Top of Supplied material

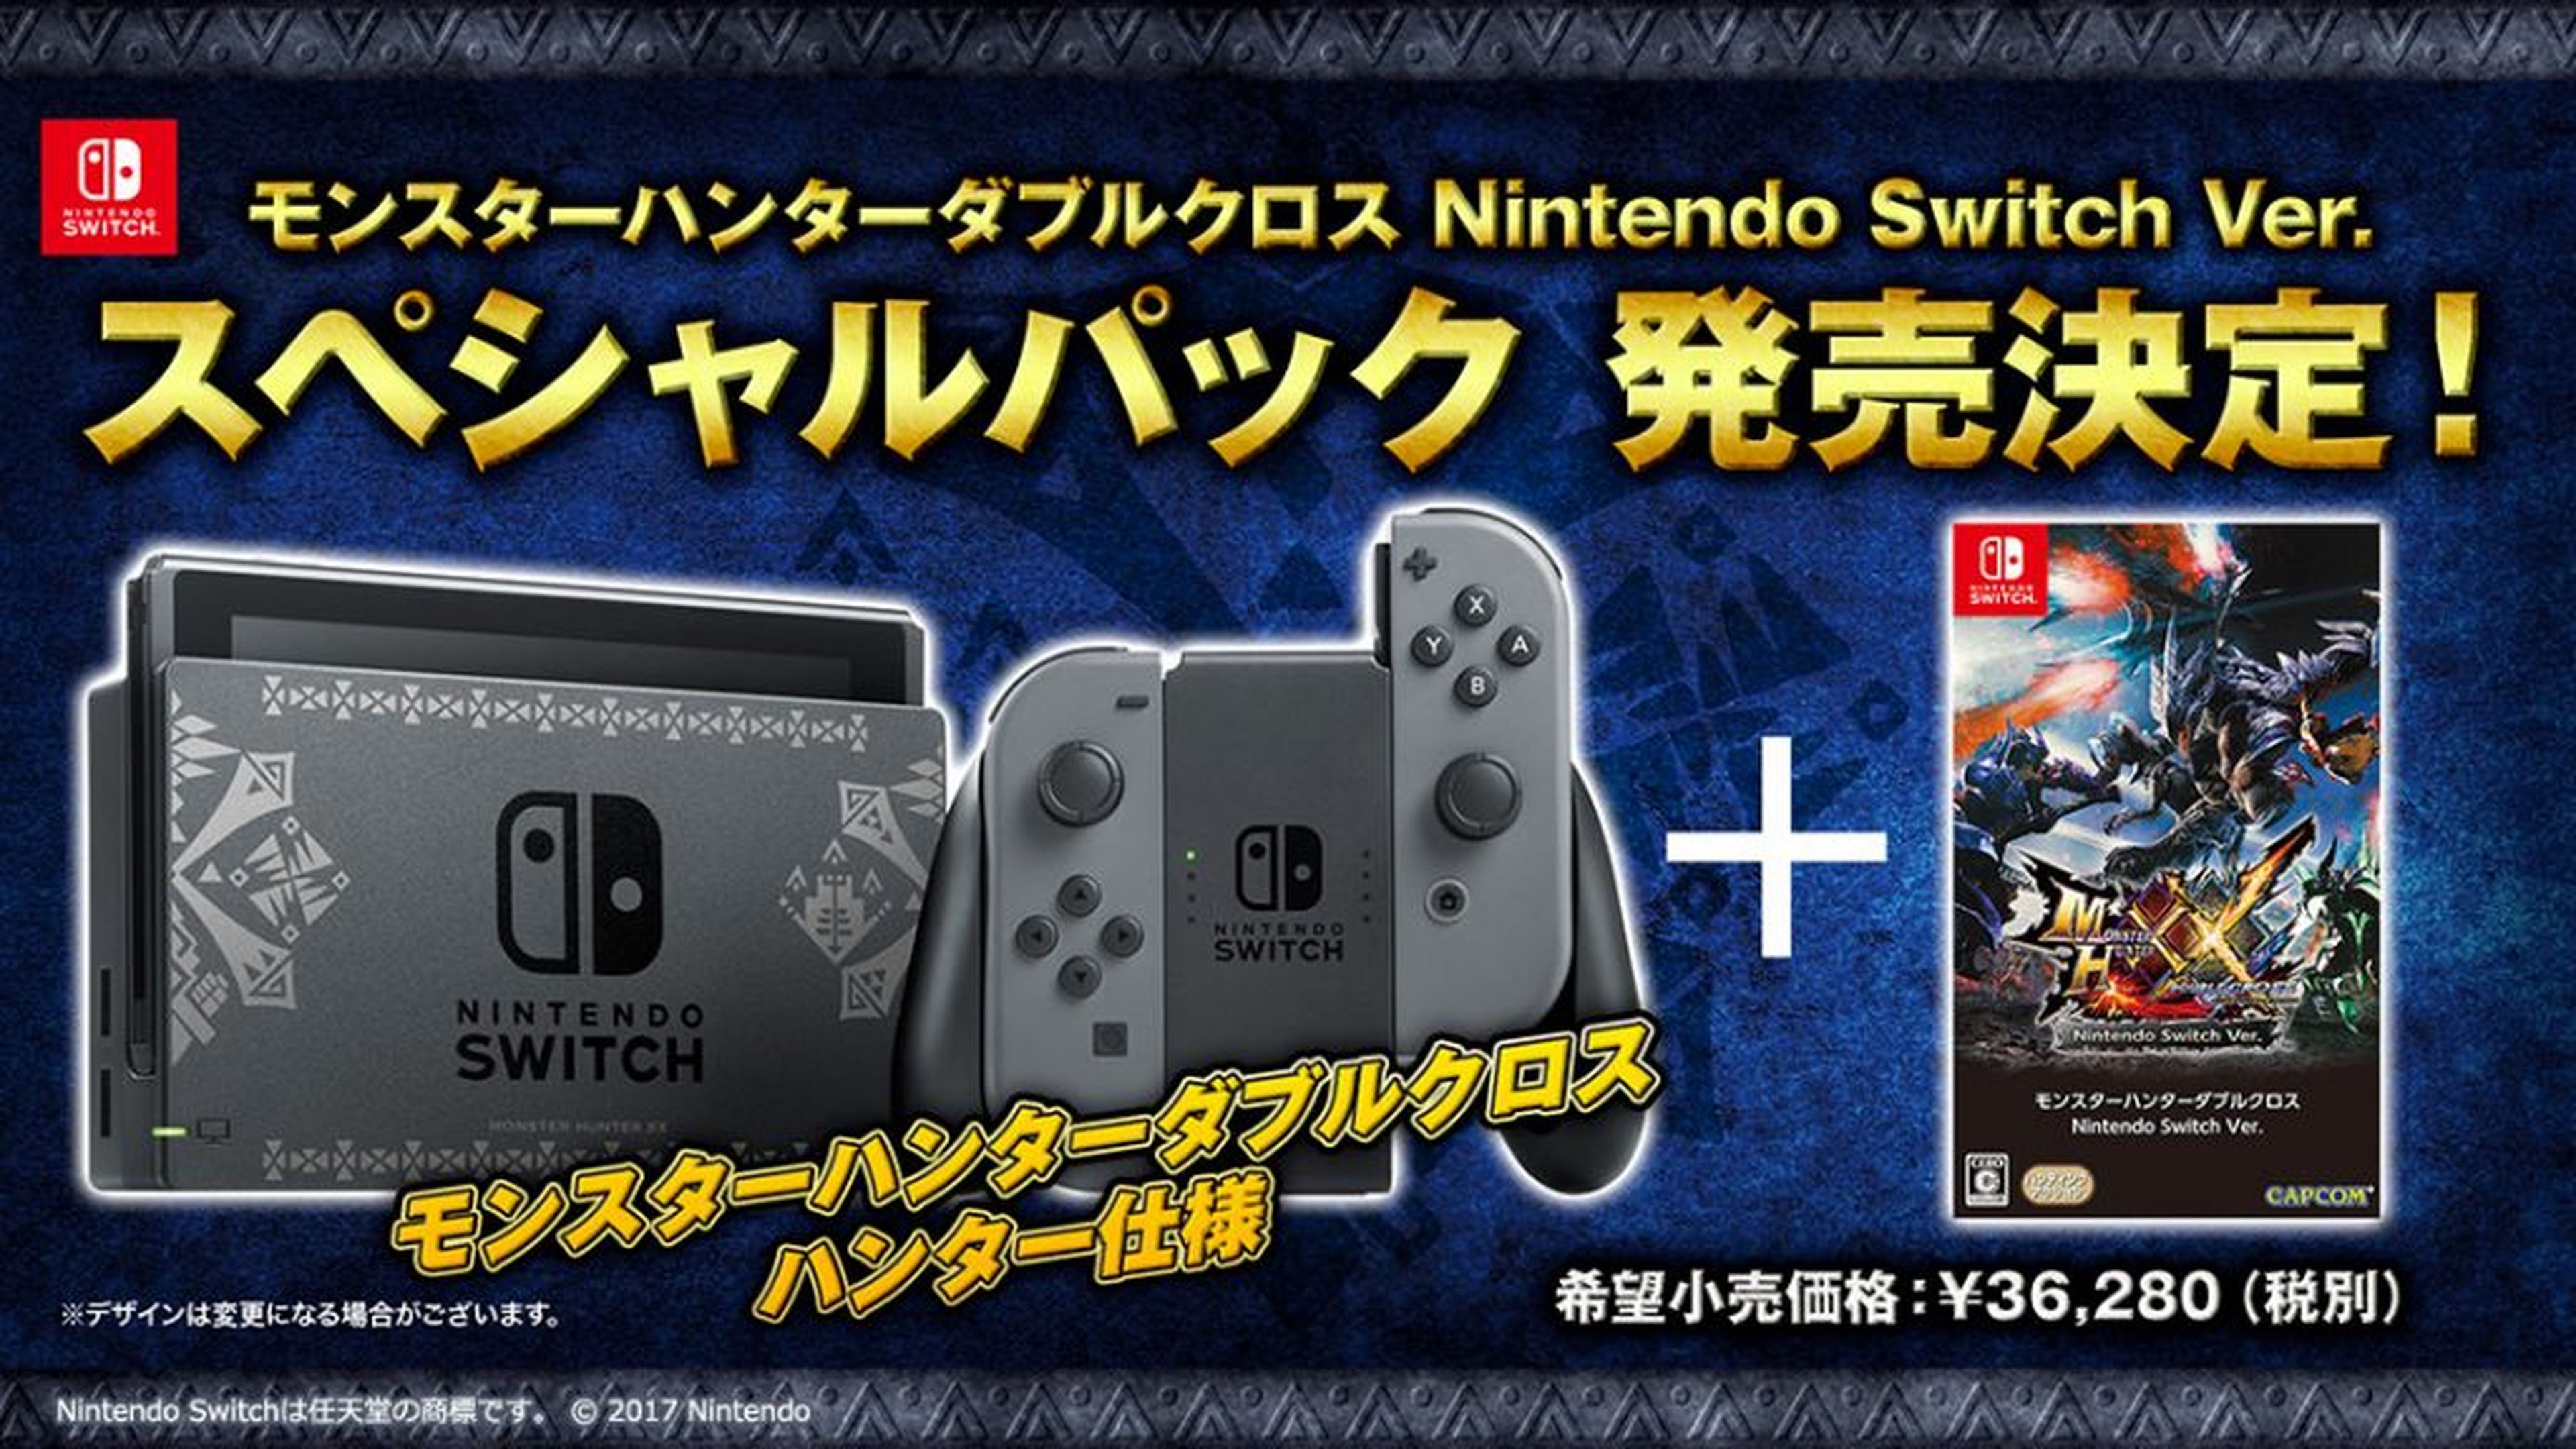 Monster Hunter XX Nintendo Switch Ver. Pack
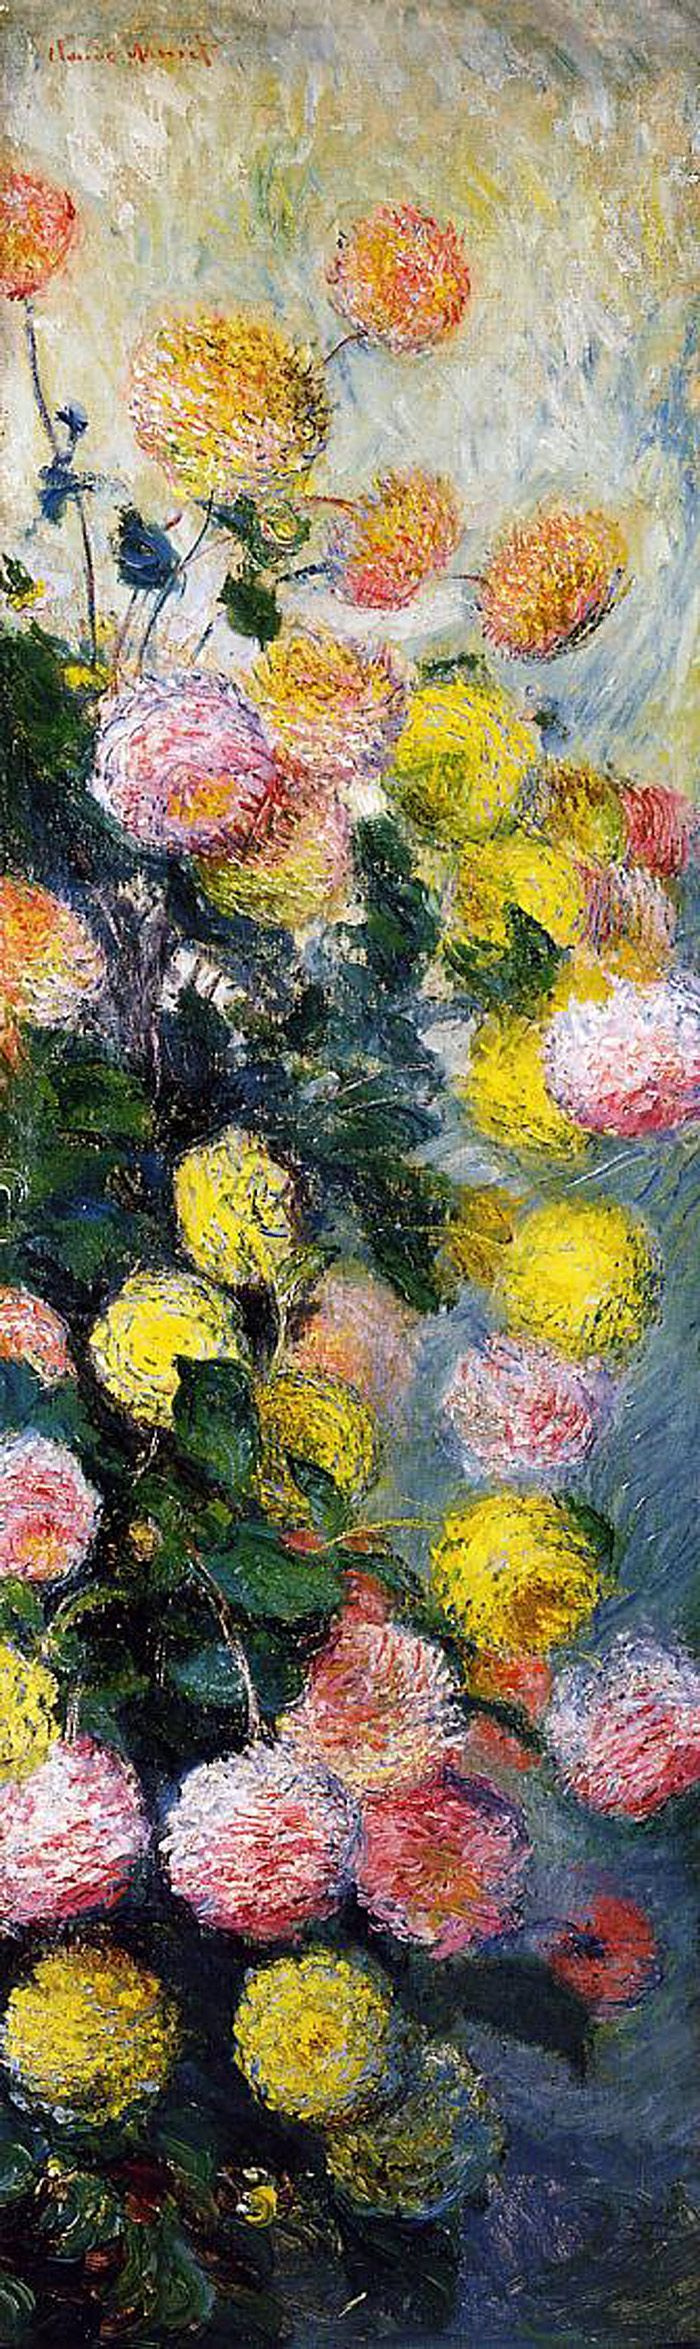 Claude Monet. Dahlias
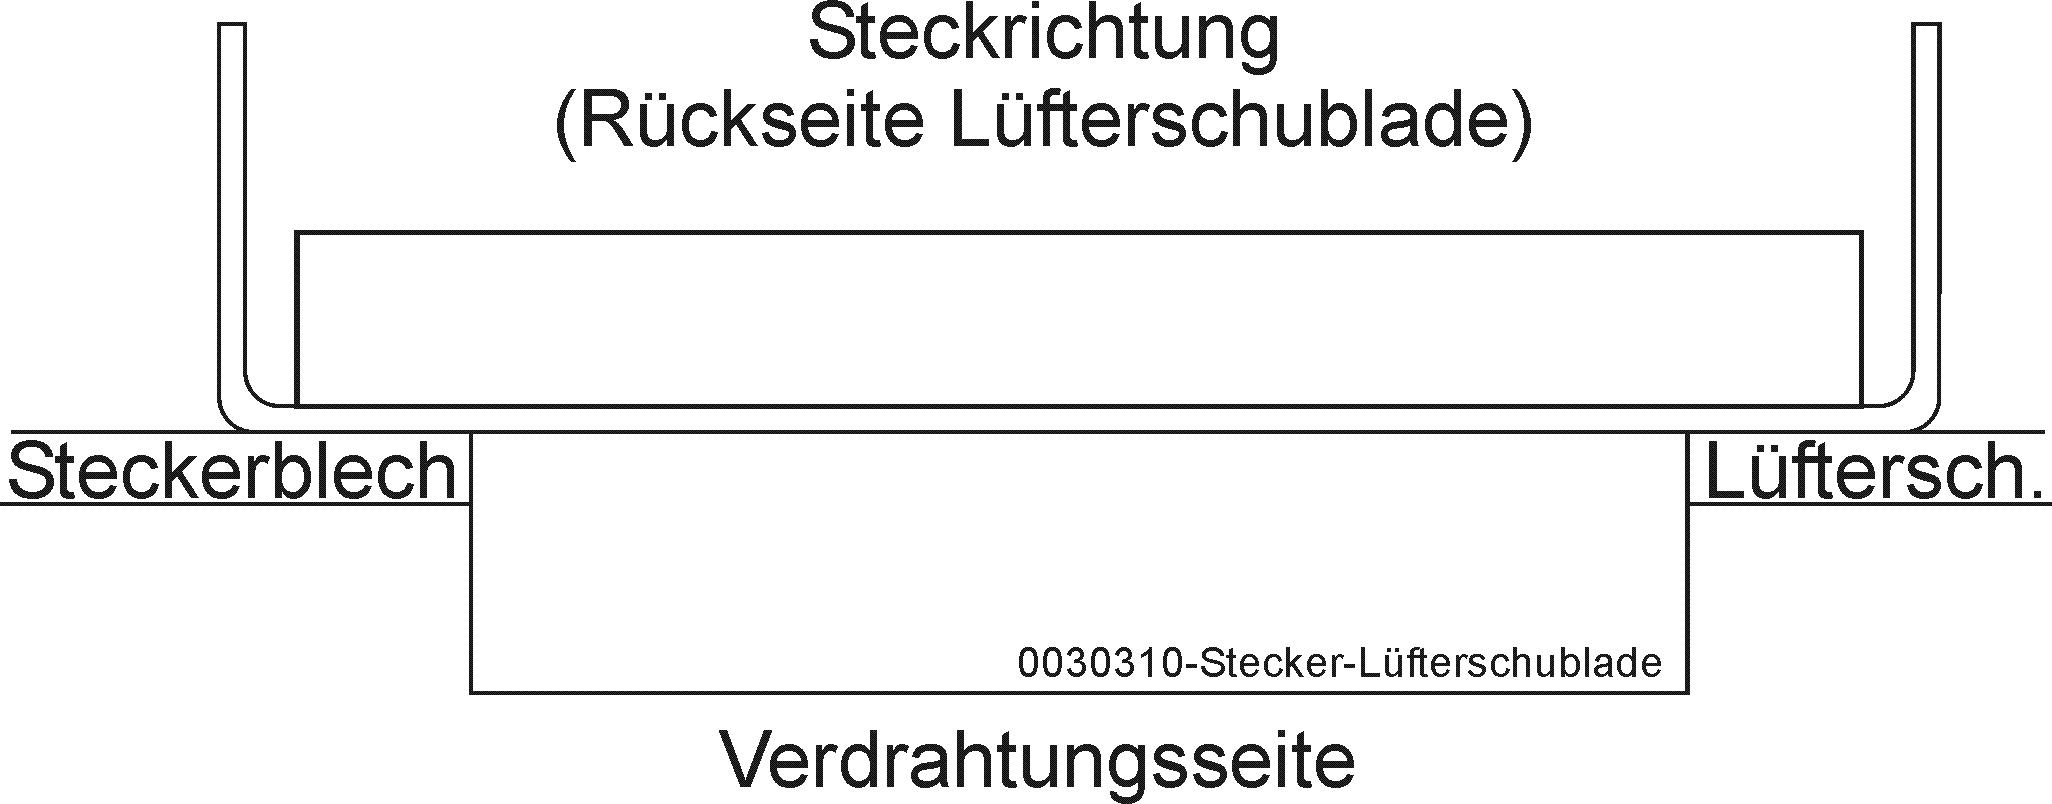 DESK-GmbH-0030310-Stecker-Lüfterschublade

Bottom of Supplied material

-- What you should do --
Print the full listing above exactly. Pictures stay out of the copy.

-- Response to the task --
 Monster Hunter XX Nintendo Switch Ver. Pack
 Claude Monet. Dahlias
 DESK-GmbH-0030310-Stecker-Lüfterschublade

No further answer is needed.